We implement a combination of the two functions with() and pairwise.t.test() in the code below and assign the results of our post-hoc procedure to a new object named post_hoc. We first submit d_stacked to the with() function, which simply tells R to conduct several analysis steps with it. The specific analysis is specified next. Here, we call for a form of t-test within the function pairwise.t.test(). This function expects us to provide 4 arguments:
post_hoc <- d_stacked %>%
with(., pairwise.t.test(x=liking,
g=environment,
p.adjust.method="holm",
paired=TRUE))
print(post_hoc, digits = 3)
##
## Pairwise comparisons using paired t tests
##
## data: liking and environment
##
## Sensory_Lab Immersive_Coffeehouse
## Immersive_Coffeehouse 1.09e-05 -
## Real_Coffeehouse 0.19242 0.00126
##
## P value adjustment method: holm
The resultant matrix presents the p-values of the 3 pair-wise comparisons. We see that at Alpha=5%, the mean product likings of the immersive coffeehouse condition are significantly different from both, the sensory lab and the real coffeehouse. Therefore, that reported results of the article are robust, even when using Holm’s correction instead of Bonferroni.

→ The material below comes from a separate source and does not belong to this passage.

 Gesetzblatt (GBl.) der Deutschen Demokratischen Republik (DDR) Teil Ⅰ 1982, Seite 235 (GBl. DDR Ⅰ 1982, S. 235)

Only focus on the real coffeehouse environment! If you choose a different post-hoc test as compared to the authors, do you find the same significant differences between products?
This task is very similar to the previous one. The difference is that we have to focus only at the real coffeehouse environment. Furthermore, we are investigating post-hoc tests for the sample factor instead of the environment factor. As an alternative to the authors’ Bonferroni procedure, we, again, draw on Holm’s post-hoc test.

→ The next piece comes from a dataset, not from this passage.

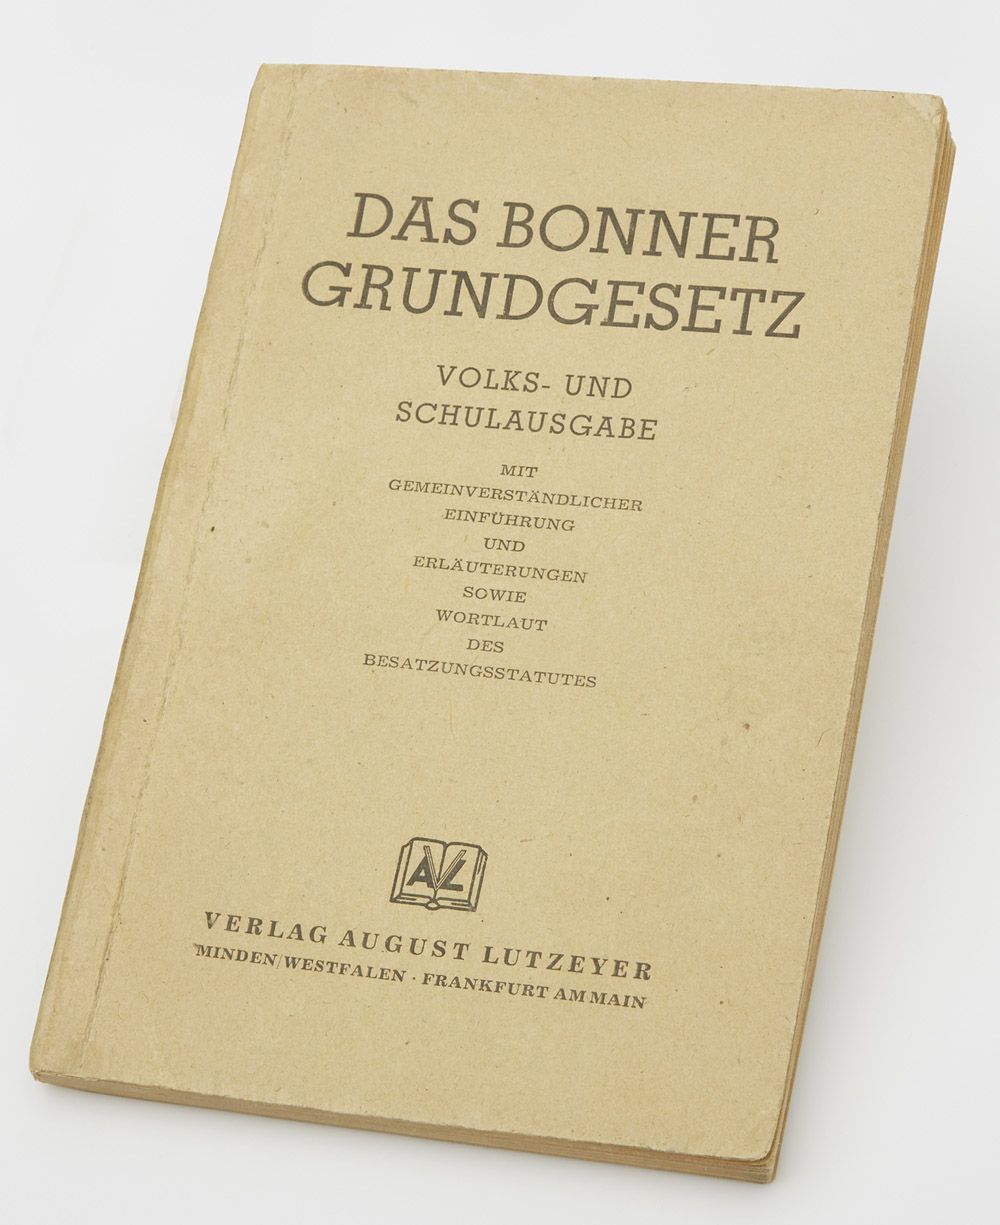 Das Bonner Grundgesetz, Verlag August Lutzeyer, 1950

In the code chunk below we, again, use dplyr’s filter() function to only select rows in d_stacked that correspond to observations made in the real coffeehouse environment.

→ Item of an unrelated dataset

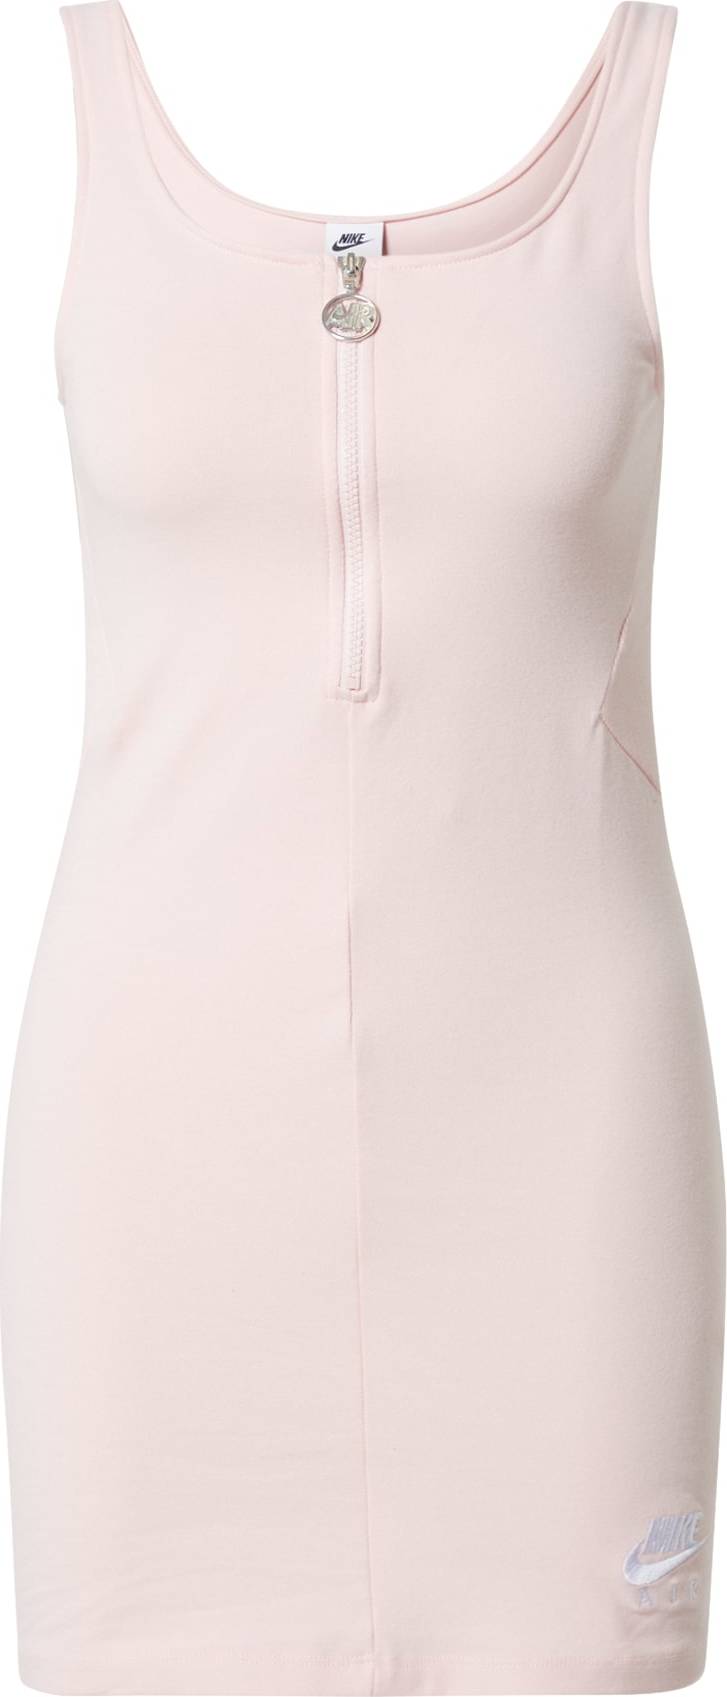 Nike Sportswear Šaty pastelově růžová / bílá

post_hoc_real_coffeehouse <- d_stacked %>%
dplyr::filter(environment == "Real_Coffeehouse") %>%
with(., pairwise.t.test(
x=liking,
g=sample,
p.adjust.method="holm",
paired=TRUE))
print(post_hoc_real_coffeehouse, digits = 3)
##
## Pairwise comparisons using paired t tests
##
## data: liking and sample
##
## Bar_1shot Siz_1shot Bar_2shot
## Siz_1shot 1 - -
## Bar_2shot 4.49e-07 2.33e-09 -
## Siz_2shot 3.95e-06 4.49e-07 1
##
## P value adjustment method: holm
The resultant matrix presents the p-values of the 4 pair-wise comparisons. We see that at Alpha=5%, the acceptability scores of all product variants are significantly different from each other with the exception of the tests between Bar_1shot and Siz_1shot, as well as between Bar_2shot and Siz_2shot. In conclusion, applying Holm’s instead of Bonferroni’s post-hoc correction does not change the interpretation of the data within the real coffeehouse condition.